The line with "Smiley Face Optical Illusion Picture" marks the first line to copy, and the line with "Two led power" marks the last. Transcribe that stretch of the data below exactly, without pictures.

## INFORMATION GIVEN
====
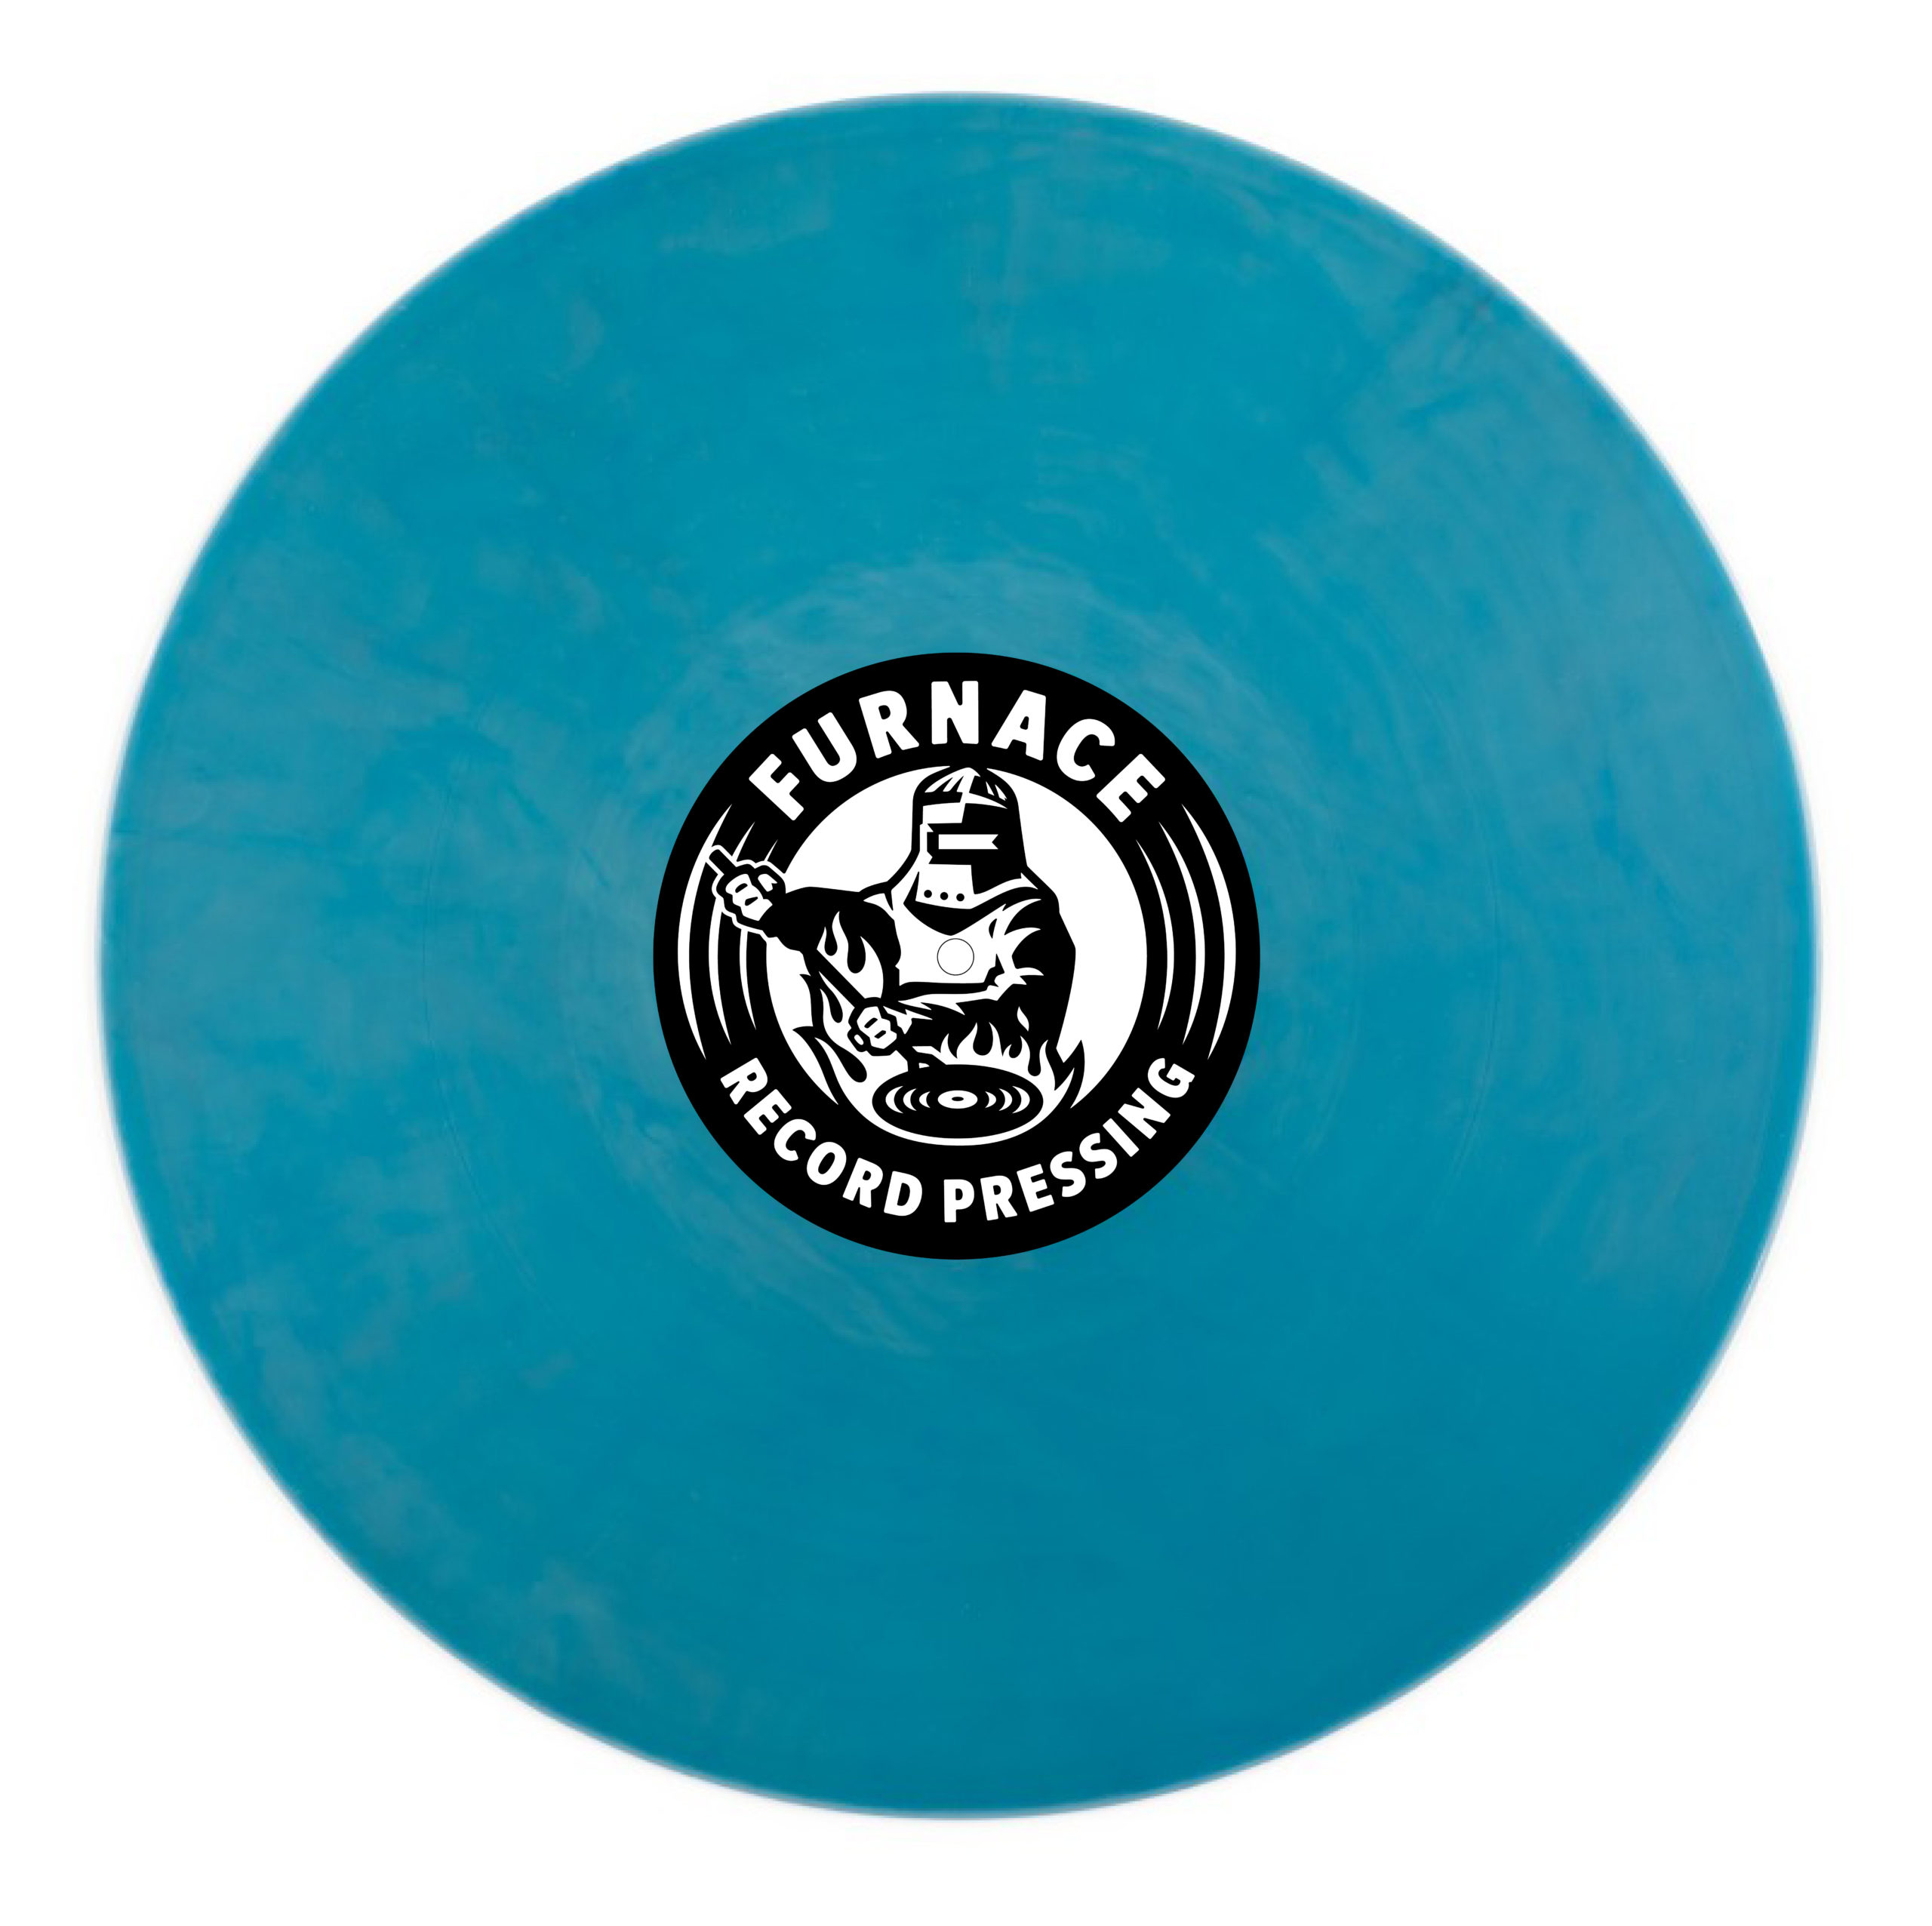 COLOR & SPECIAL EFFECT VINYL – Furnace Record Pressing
====
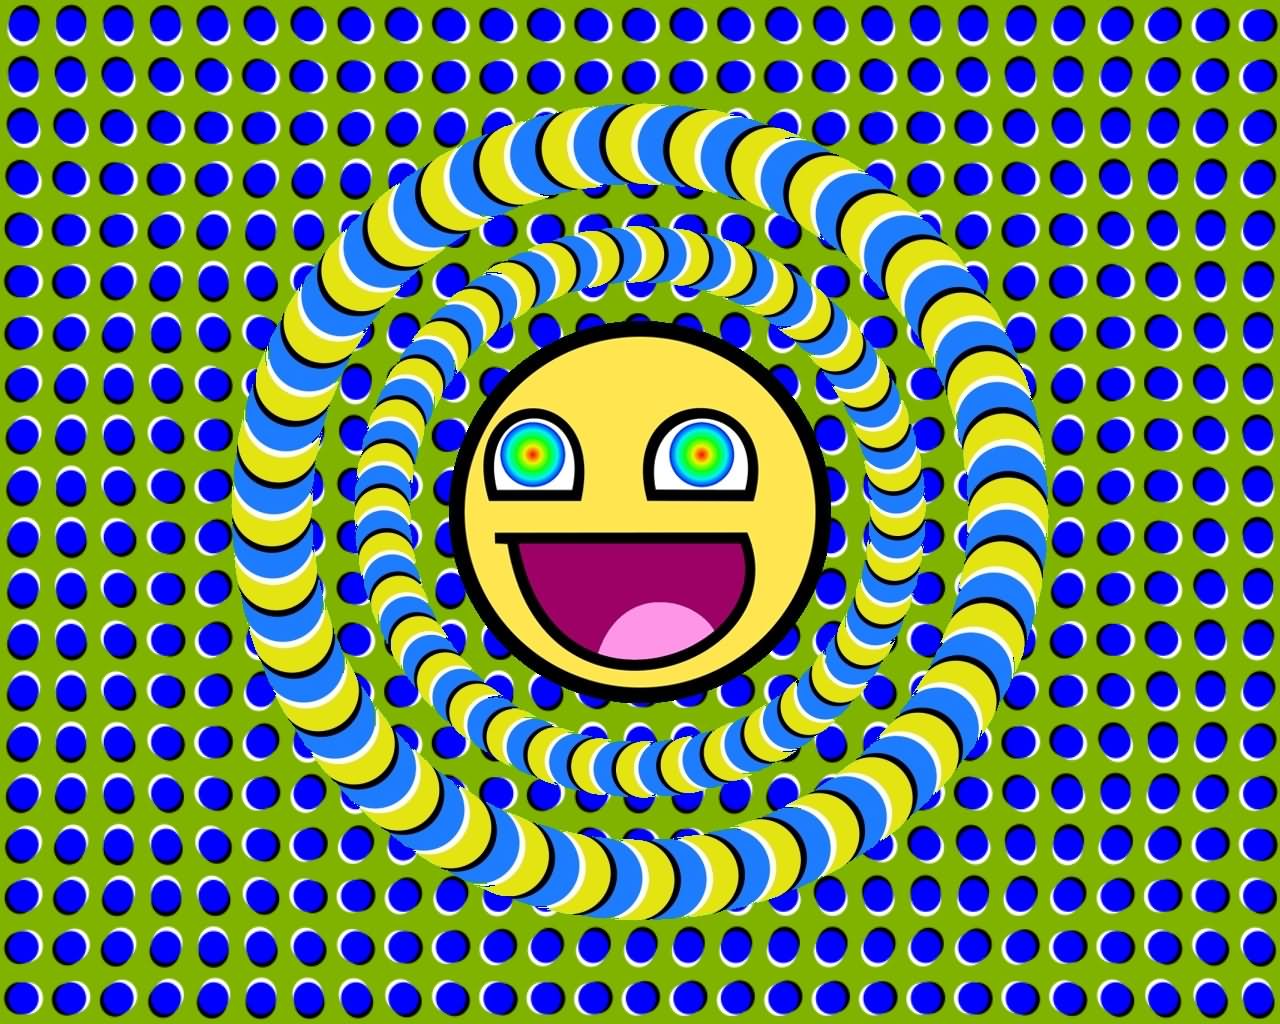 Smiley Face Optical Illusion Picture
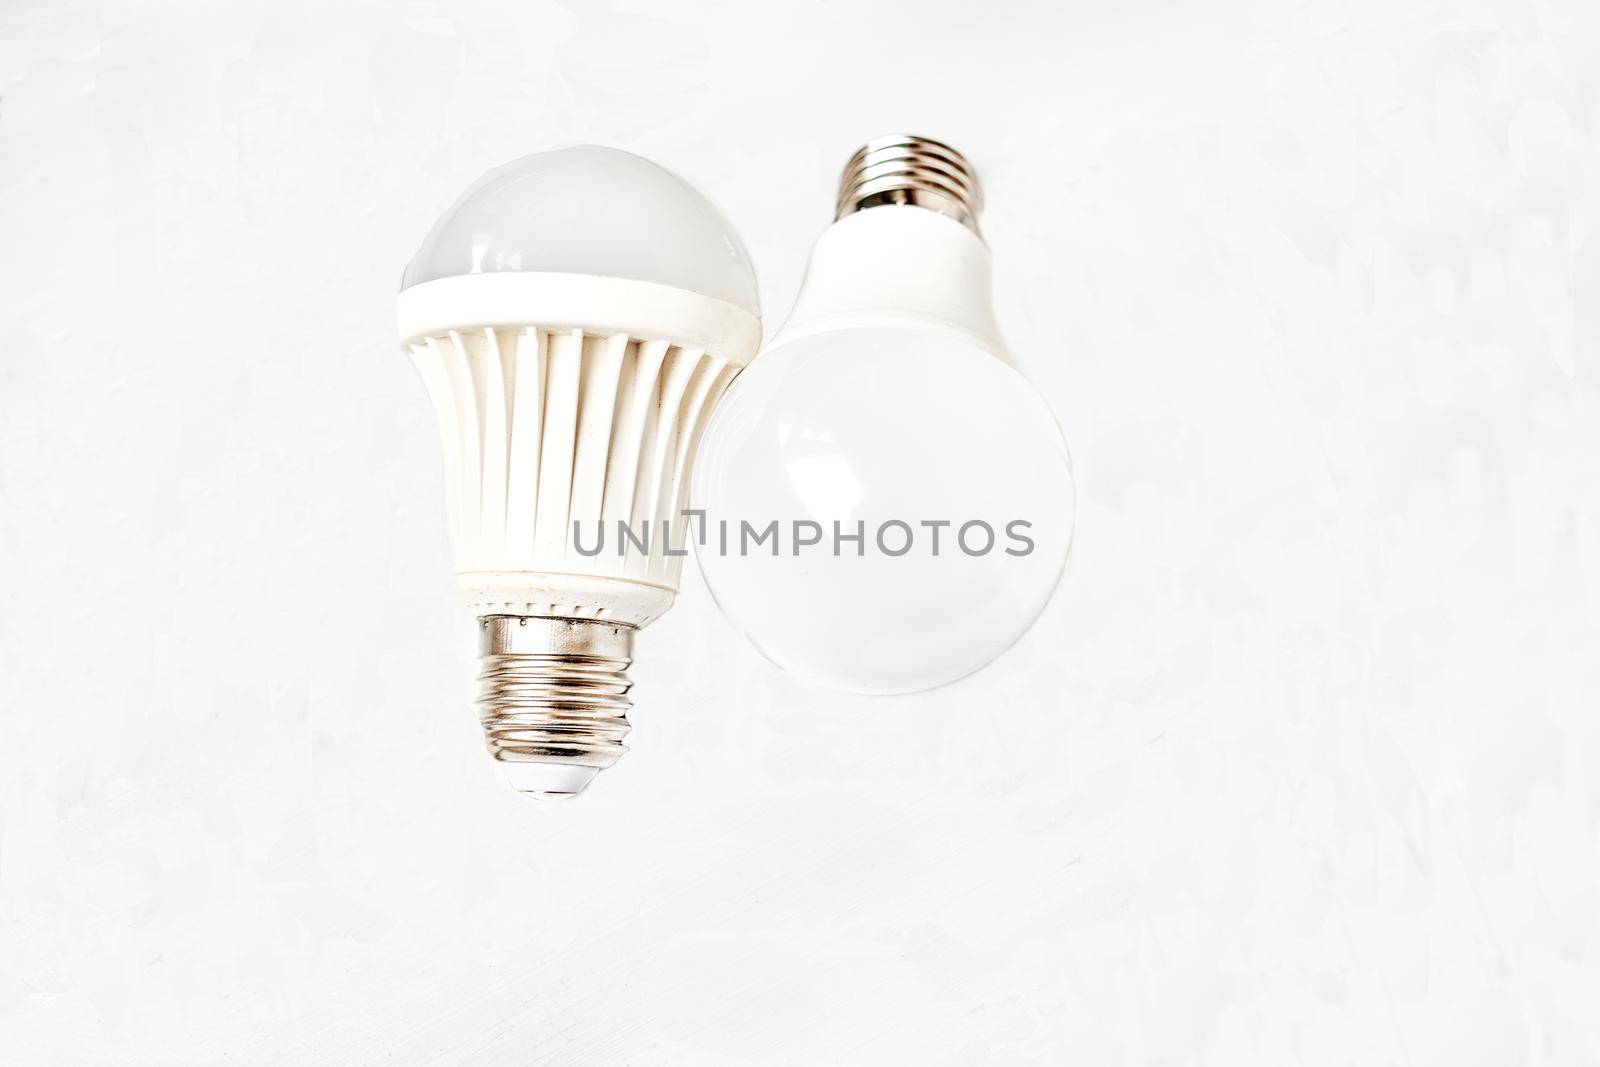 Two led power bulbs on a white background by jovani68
====
## FINAL ANSWER
 Smiley Face Optical Illusion Picture
 Two led power bulbs on a white background by jovani68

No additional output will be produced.